The study, which focused on 110 restaurant chains across four categories, including fine dining, casual dining, fast casual and quick service, found that fine dining and casual restaurants are the most likely segments to experience additional and potentially dramatic decreases in earnings, cash and returns this year, said Andy Everbusch, a managing director at AlixPartners and leader of the firm’s restaurant and foodservices division. New York-based AlixPartners specializes in improving corporate financials and operational performance.

“While certainly there are healthy companies in every restaurant category, our analysis suggests that without aggressive intervention, up to 40 percent of chains face the possibility of a severe liquidity crisis, which could mean failure within a year,” Everbusch said. “And if things worsen in the economy, that timeline could shrink to just a few months for many chains. Overall, we found declining growth rates and declining same-store sales in all four sectors, as well as declining EBITDA in three of the four sectors, with only quick serve bucking the trend.”

The study also determined that the debt-to-equity ratio for chains has increased to 1.38, from 0.68 in 2006. At the same time, cash levels have dropped at a rate of 6.5 percent annually since 2004.

Adam Werner, a director at AlixPartners, said that in order for restaurant companies to remain solvent during the current crisis, they must keep all costs in check.

 “Just as lean production has saved billions of dollars for leading manufacturing companies, our research and experience in the field shows that restaurants could also benefit greatly from the application of similar techniques, such as minimizing energy and water use, optimizing labor schedules and controlling waste and inventory levels with improved demand forecasts,” he said. “When combined with proven techniques in supply-chain and real-estate management, this could amount to savings of at least 15 percent against current costs.”

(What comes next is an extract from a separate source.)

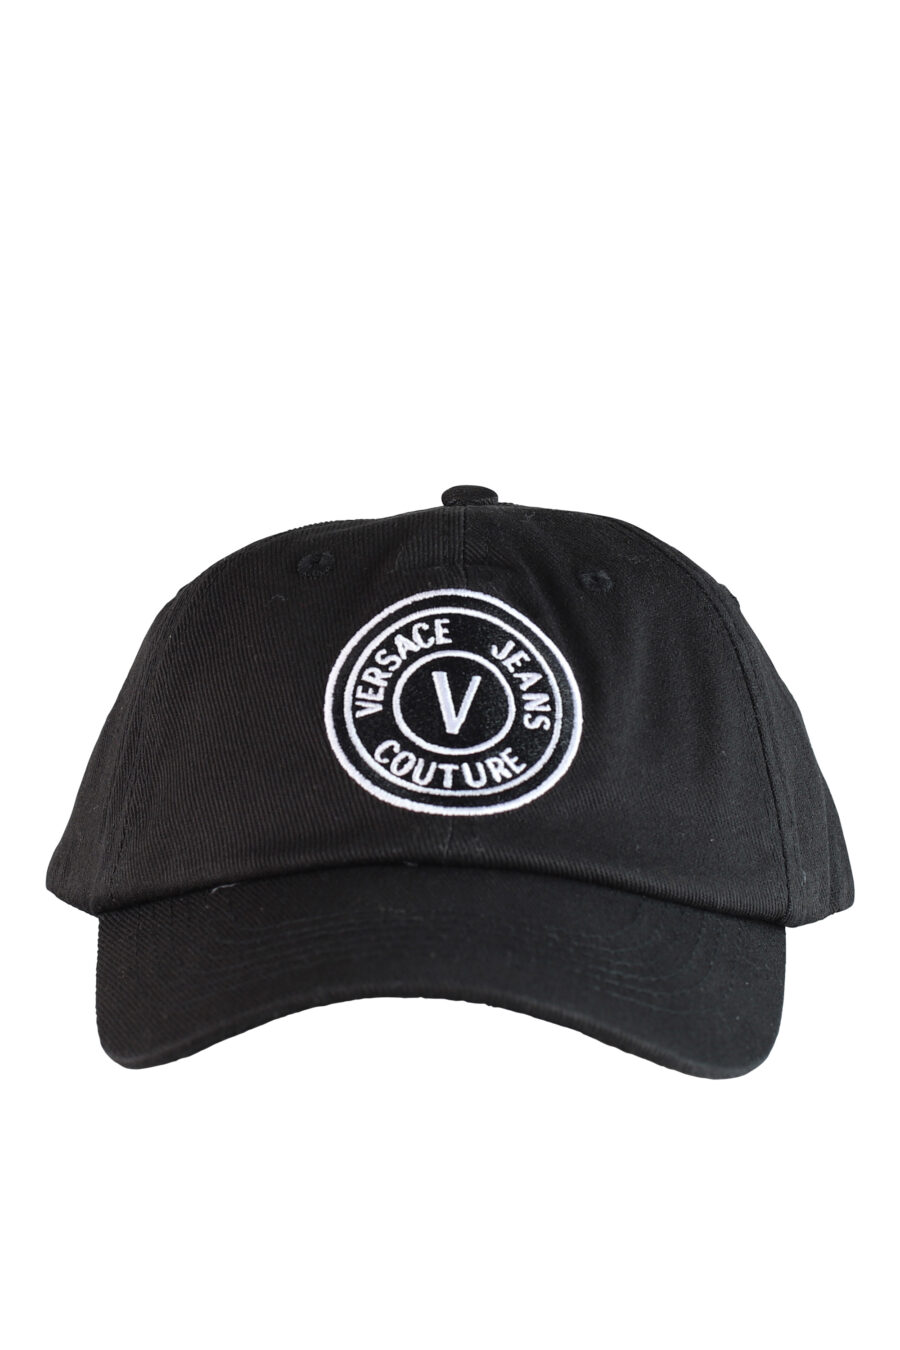 Schwarze Kappe mit weißem kreisförmigen Logo - IMG 0505

 Adam Fless, author of the study, noted that now is the time for operators to rethink the way a meal is served in their restaurants.

 “The main concern, whether it’s a chain of quick-service restaurants or fine-dining establishments, has primarily been with the quality of the food, its presentation and so on,” he said. “However, in today’s environment, ‘the meal’ needs to be rethought. It needs to be looked at not just as a consumer experience, but also very much as a product, a product that needs to be optimally produced, sourced and delivered. To do any less is, really, to shortchange today’s budget-conscious consumer.”